* **DATA**:
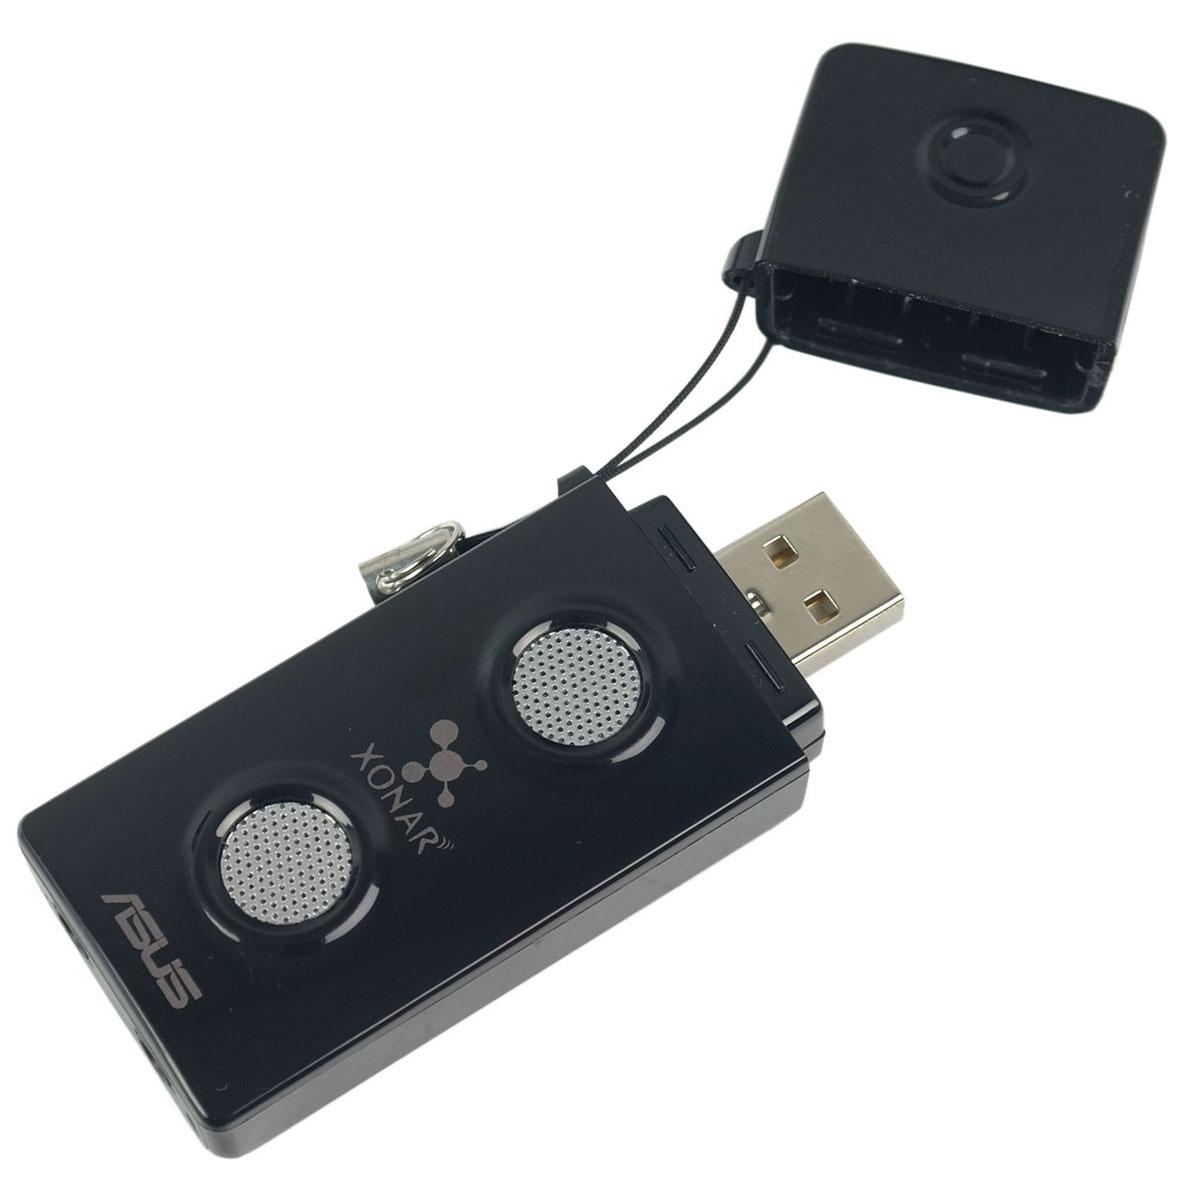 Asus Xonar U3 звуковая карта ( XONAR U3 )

==

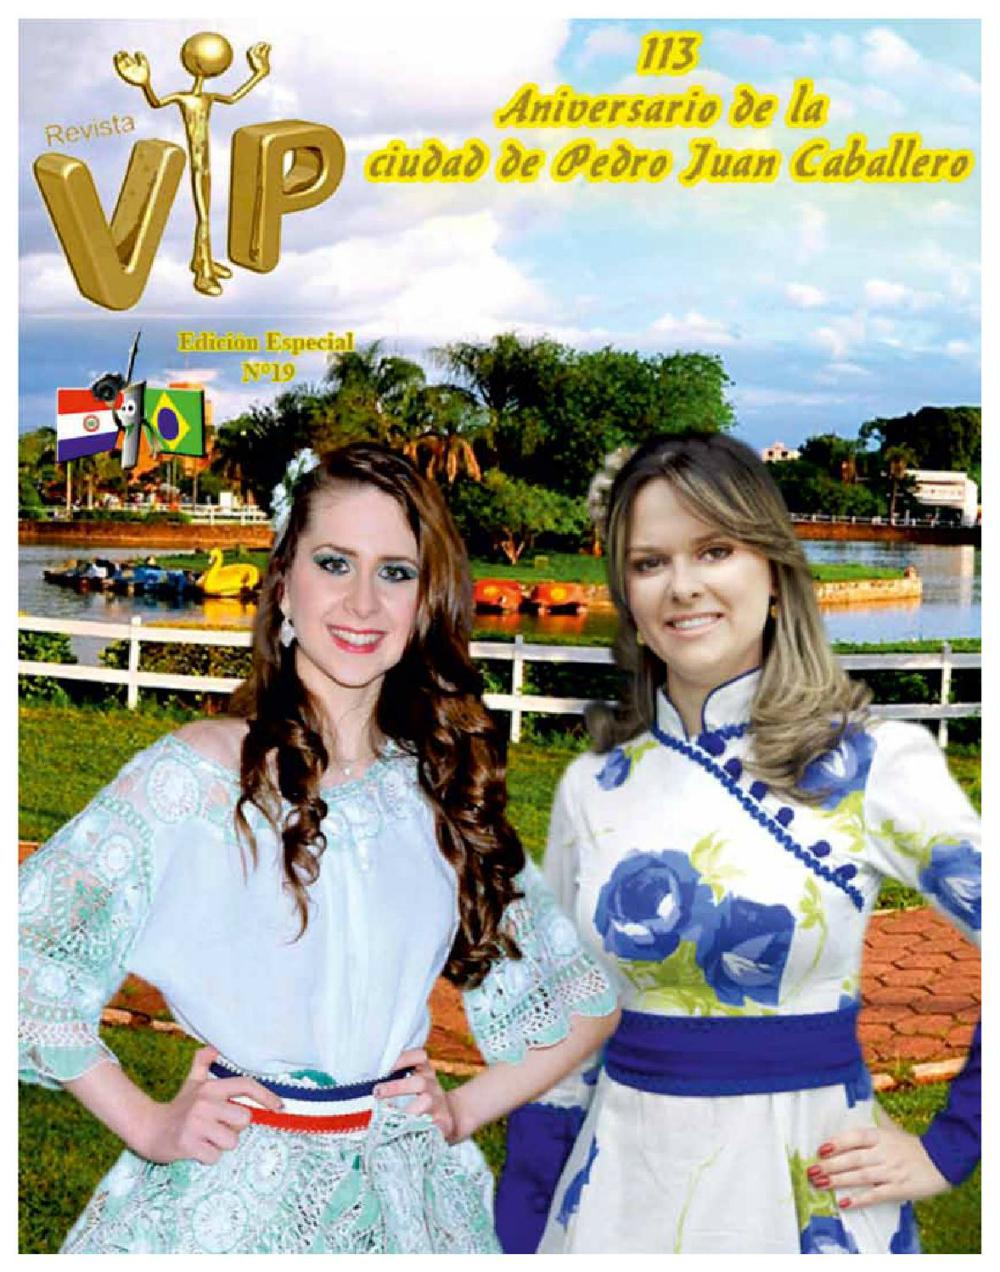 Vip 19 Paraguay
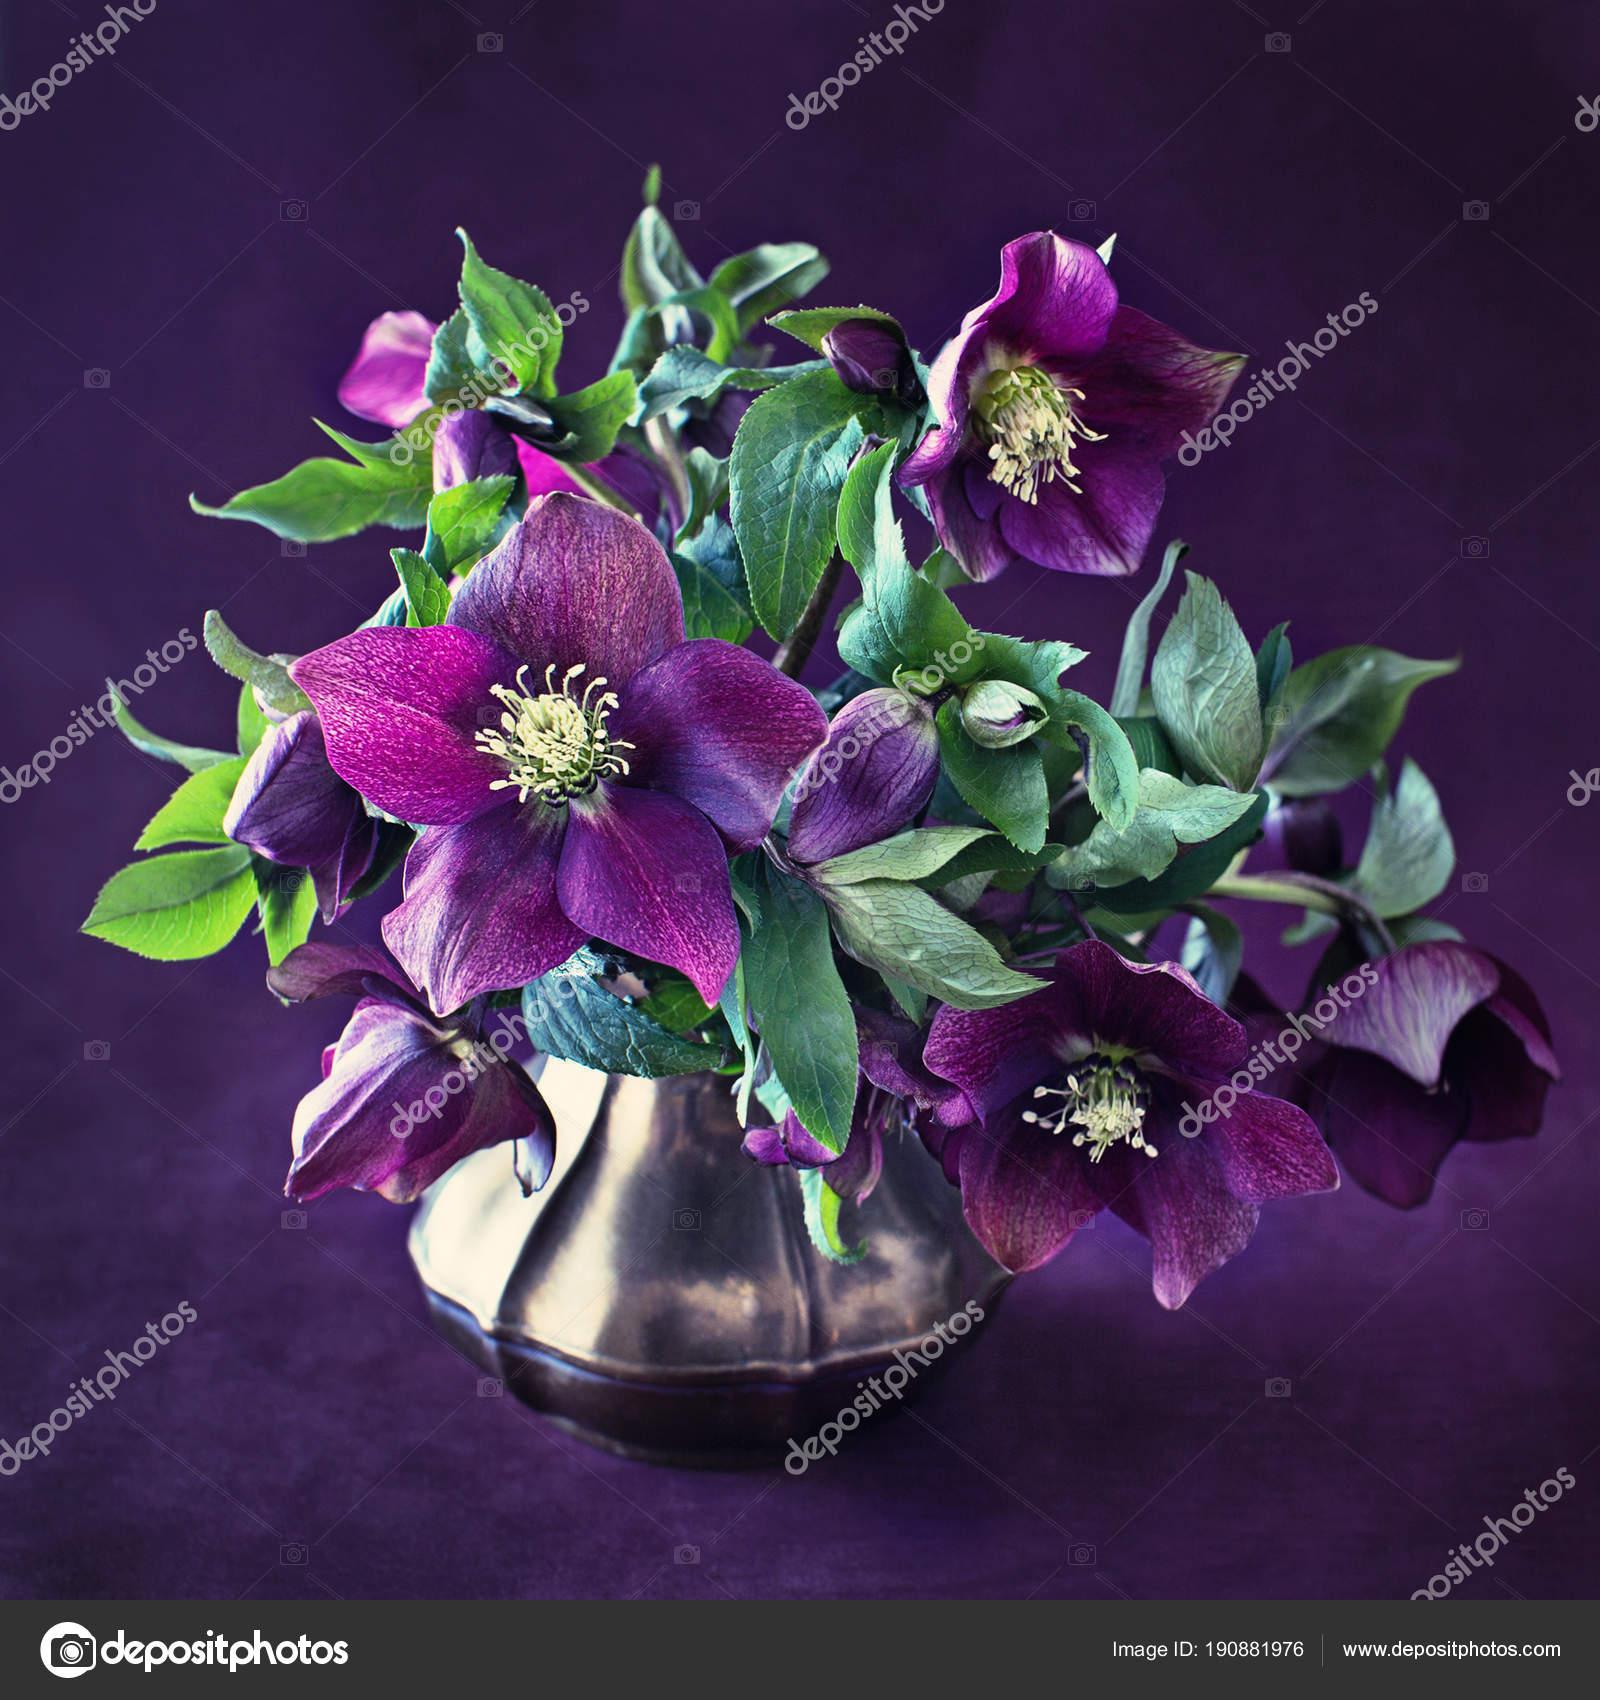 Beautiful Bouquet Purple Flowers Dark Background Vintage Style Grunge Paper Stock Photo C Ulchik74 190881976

* **ABOUT THIS TASK**: Reproduce exactly the lines above that run from the one with "Vip 19 Paraguay" to the one with "Beautiful Bouquet Purple", both included, leaving pictures out.

* **TASK SOLUTION**:
 Vip 19 Paraguay
 Beautiful Bouquet Purple Flowers Dark Background Vintage Style Grunge Paper Stock Photo C Ulchik74 190881976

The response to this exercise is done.